▶ **Information shown**:
=== Section Start ===

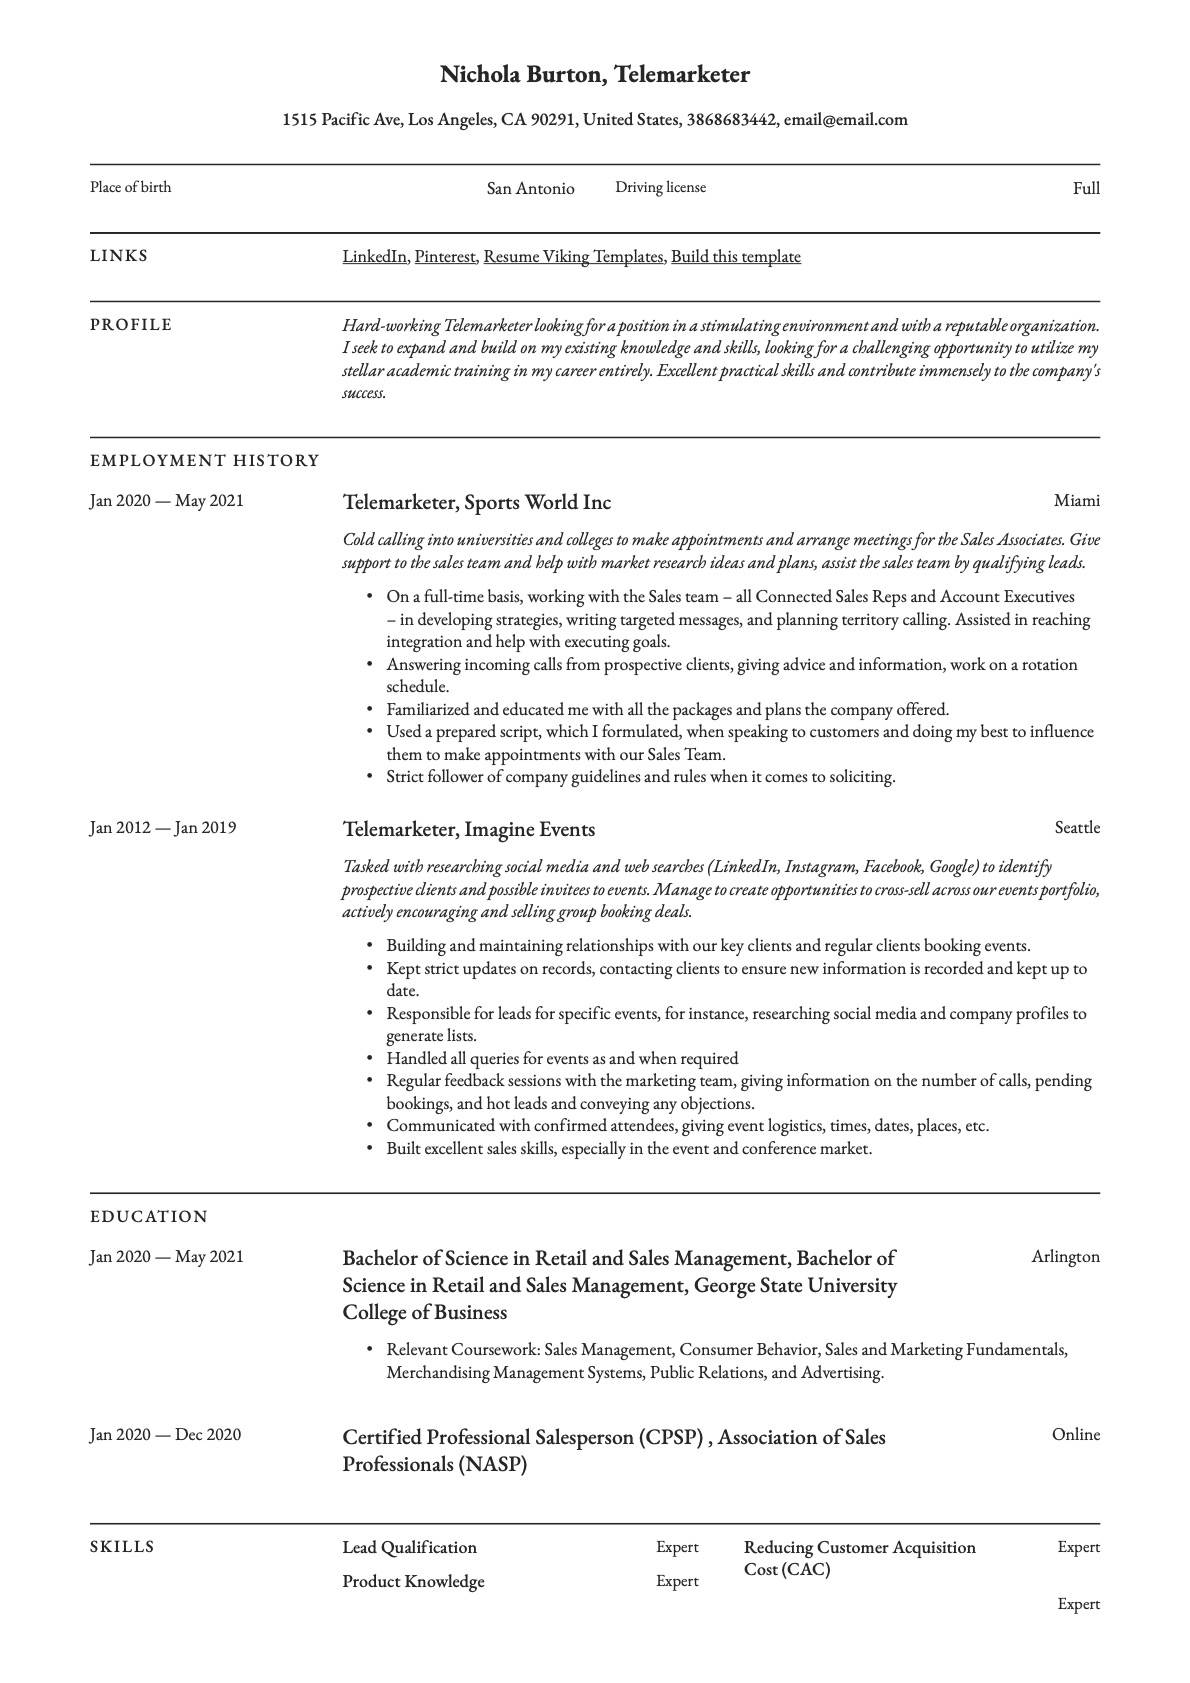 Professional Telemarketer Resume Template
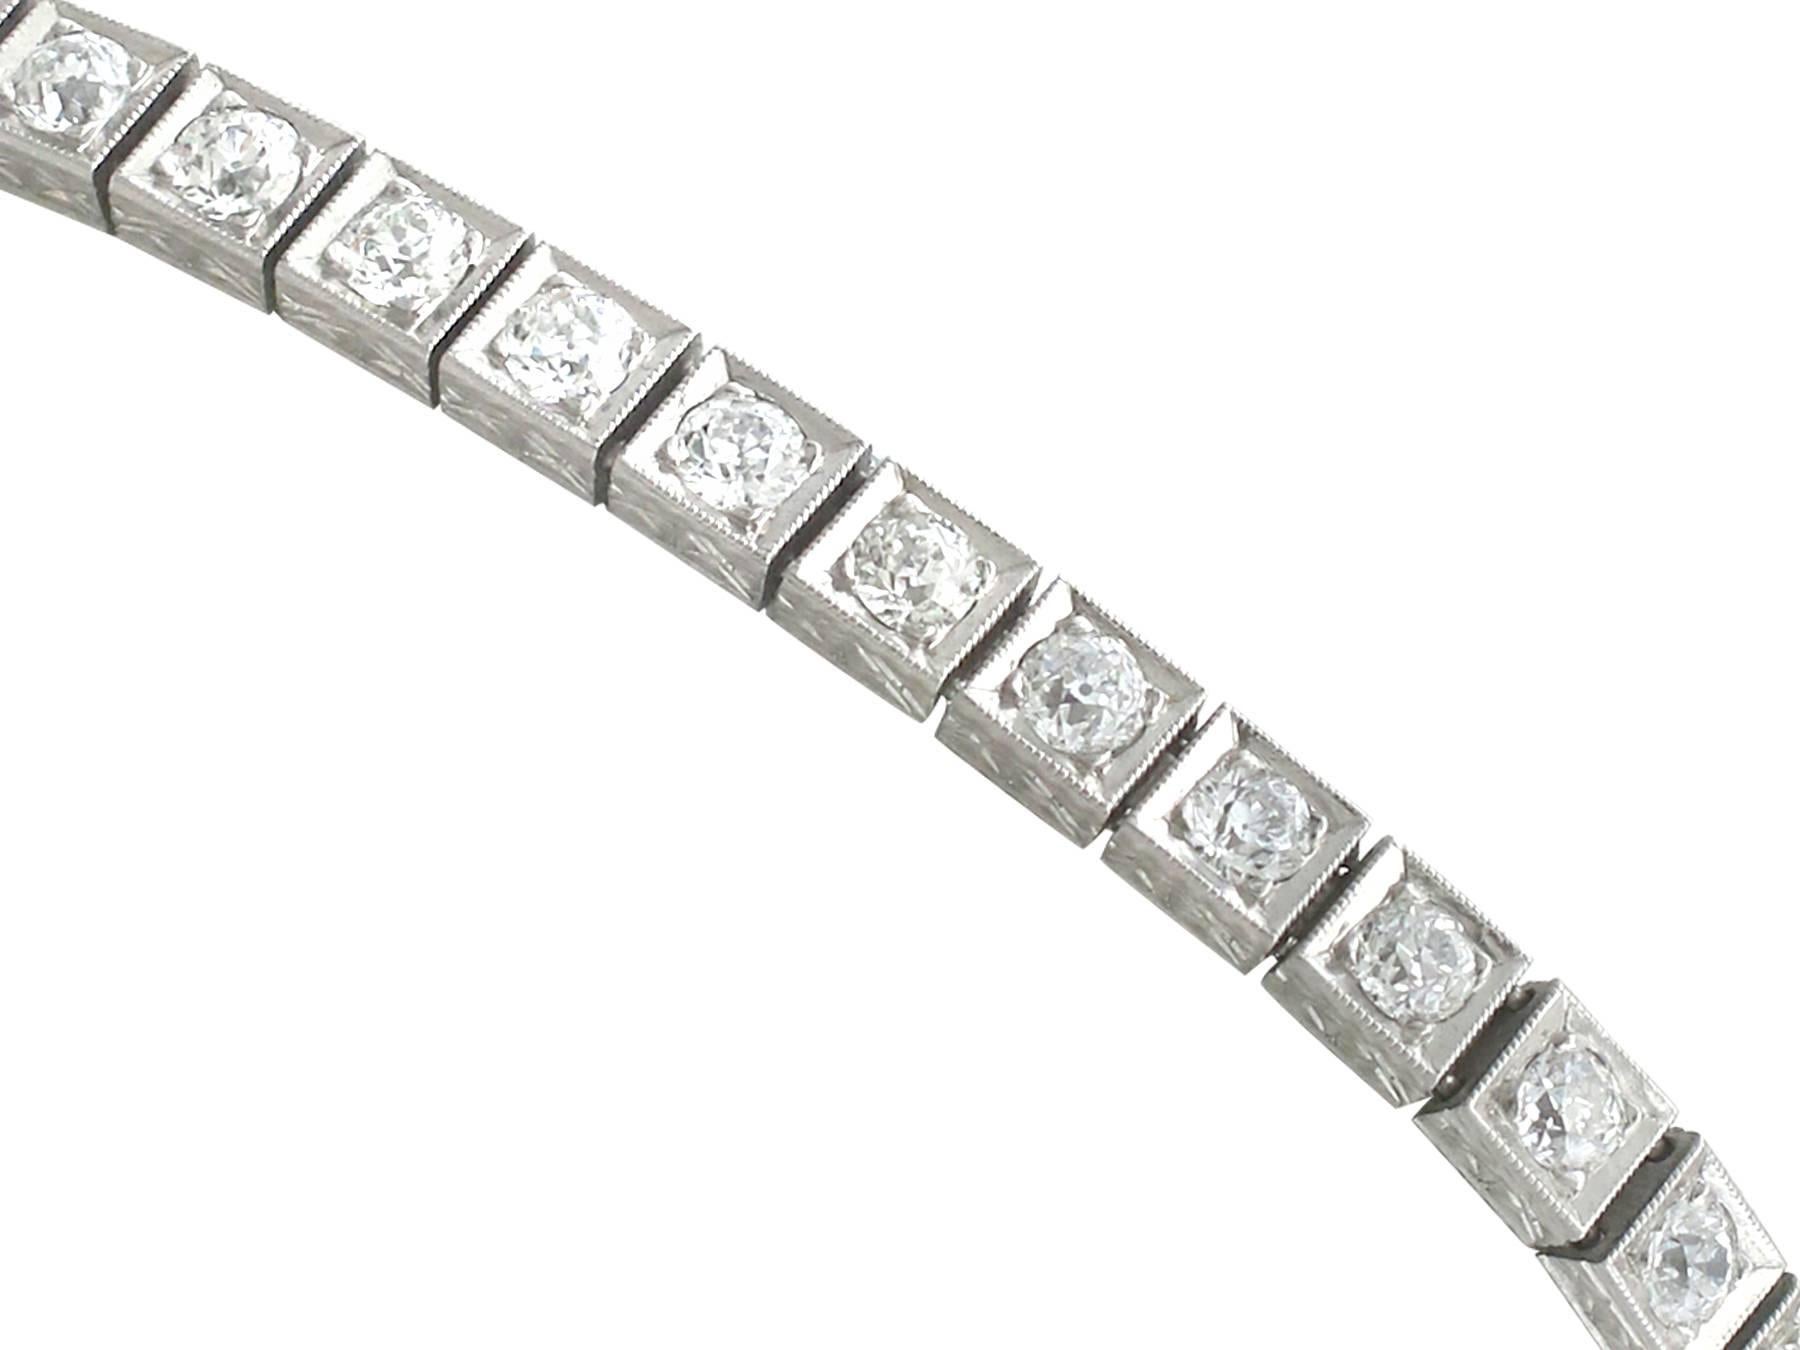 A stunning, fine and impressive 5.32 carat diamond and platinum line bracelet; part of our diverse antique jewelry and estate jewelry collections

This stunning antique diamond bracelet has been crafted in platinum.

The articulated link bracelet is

=== Section End ===

▶ **Assigned task**: Leaving out all lines before the one containing "This stunning antique", copy that line and the rest through the end of the listing above exactly.

▶ **Problem solution**:
This stunning antique diamond bracelet has been crafted in platinum.

The articulated link bracelet is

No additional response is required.